Hello, welcome! Thanks for checking out my blog.
I am a very new vegan who was drawn to this lifestyle after a doctor's appointment last year. I had almost no energy, various mysterious aches and pains, and generally felt like crap. A blood test revealed that 1) I had high cholesterol and 2) my blood sugar levels were also high.

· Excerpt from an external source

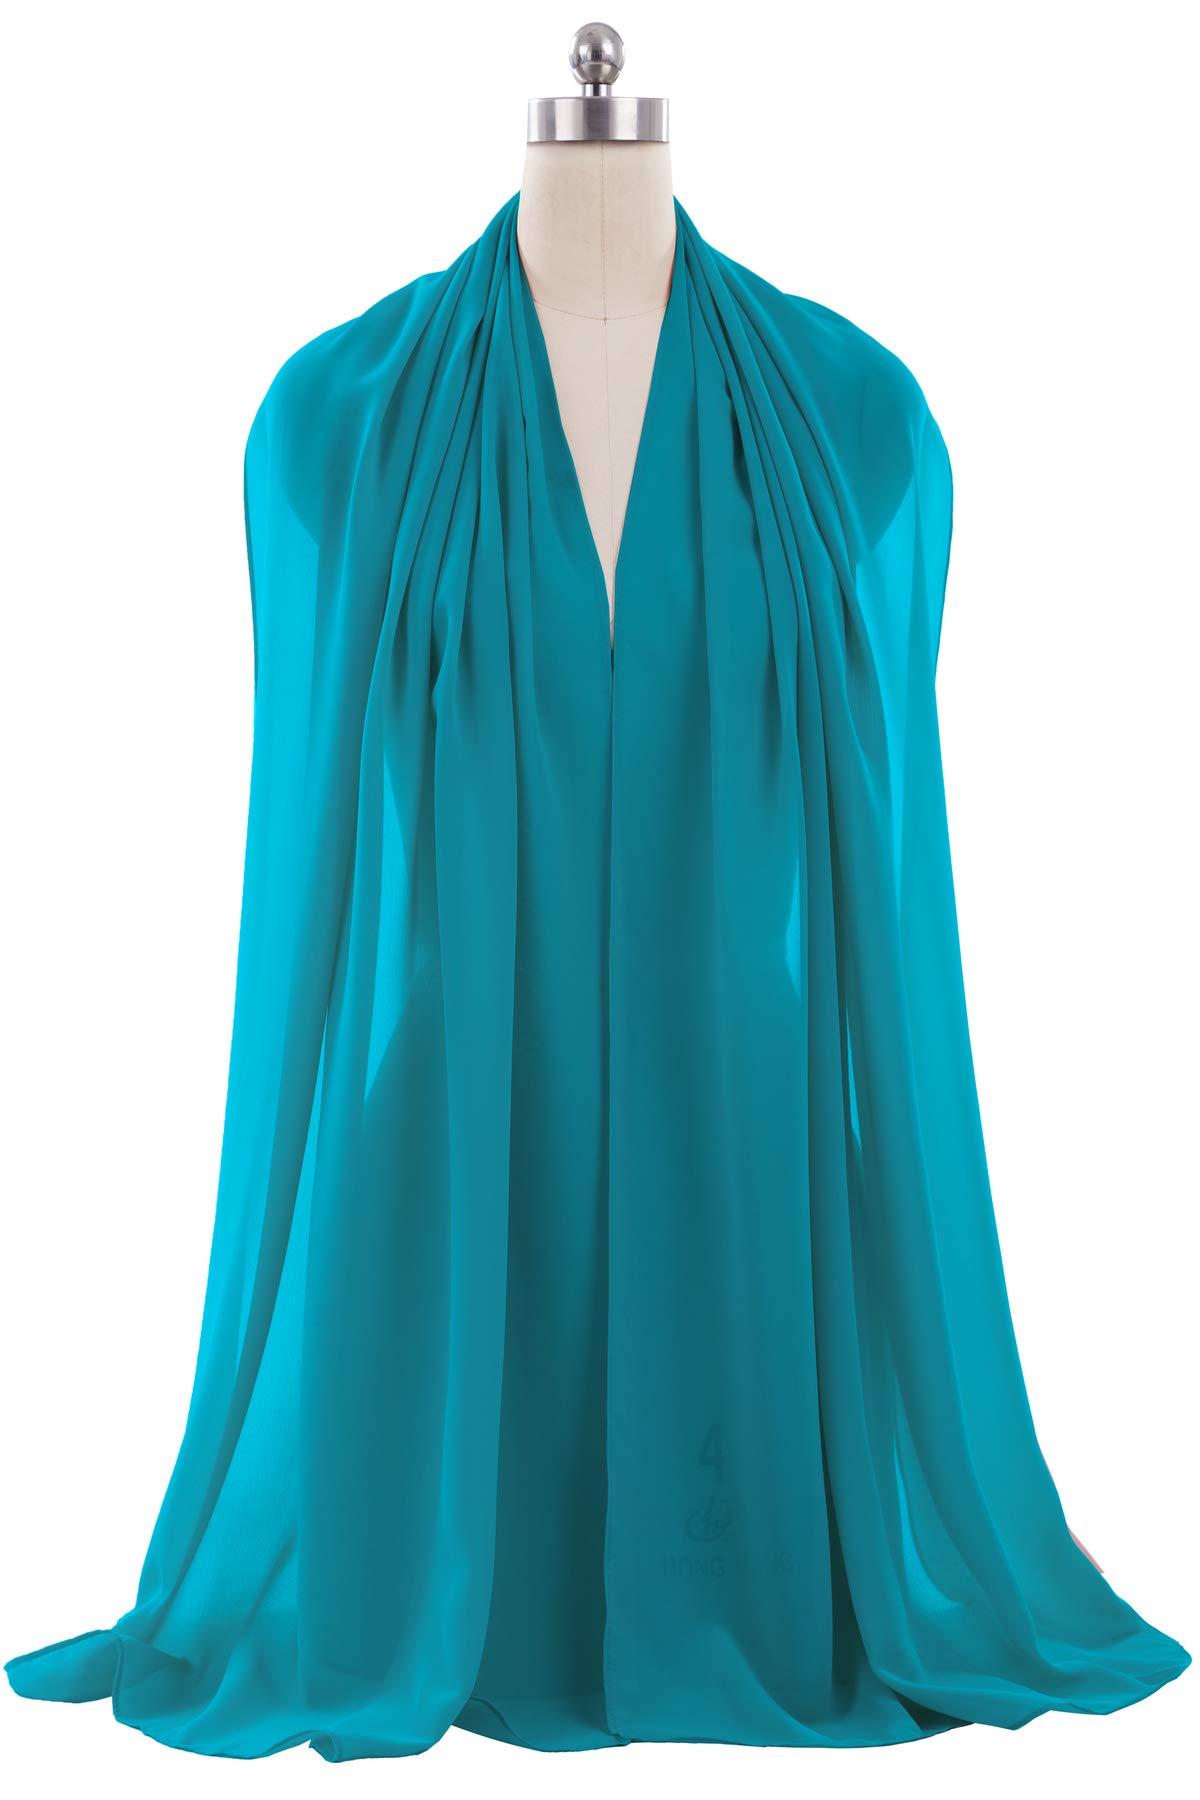 ANTS Women's Chiffon Bridal Evening Dresses Shawl Wraps Color Teal Blue Size 18''x78''

High enough for my doctor to ominously mutter something about probably having to go on medication, while advising I lose twenty pounds, change my diet, and have another blood test in three months.
At first, these changes seemed insurmountable. Change my diet? Lose weight? I tried Weight Watchers a few years ago, and didn't have the gumption to stick it out. Also, food was my security blanket. When I had a bad day, I ate. When I celebrated, I ate. When I was bored, I ate. Going three months (because ha ha, somehow I deluded myself into thinking that changing my eating habits was temporary) without my Irish nachos (waffle fries, bacon, lots of cheddar cheese, jalapeno peppers), Krispy Kreme doughnuts, and soda terrified me!
However, I did not want to be diabetic. My father and grandfather both passed away from complications from diabetes. I did not - do not - want that to happen to me.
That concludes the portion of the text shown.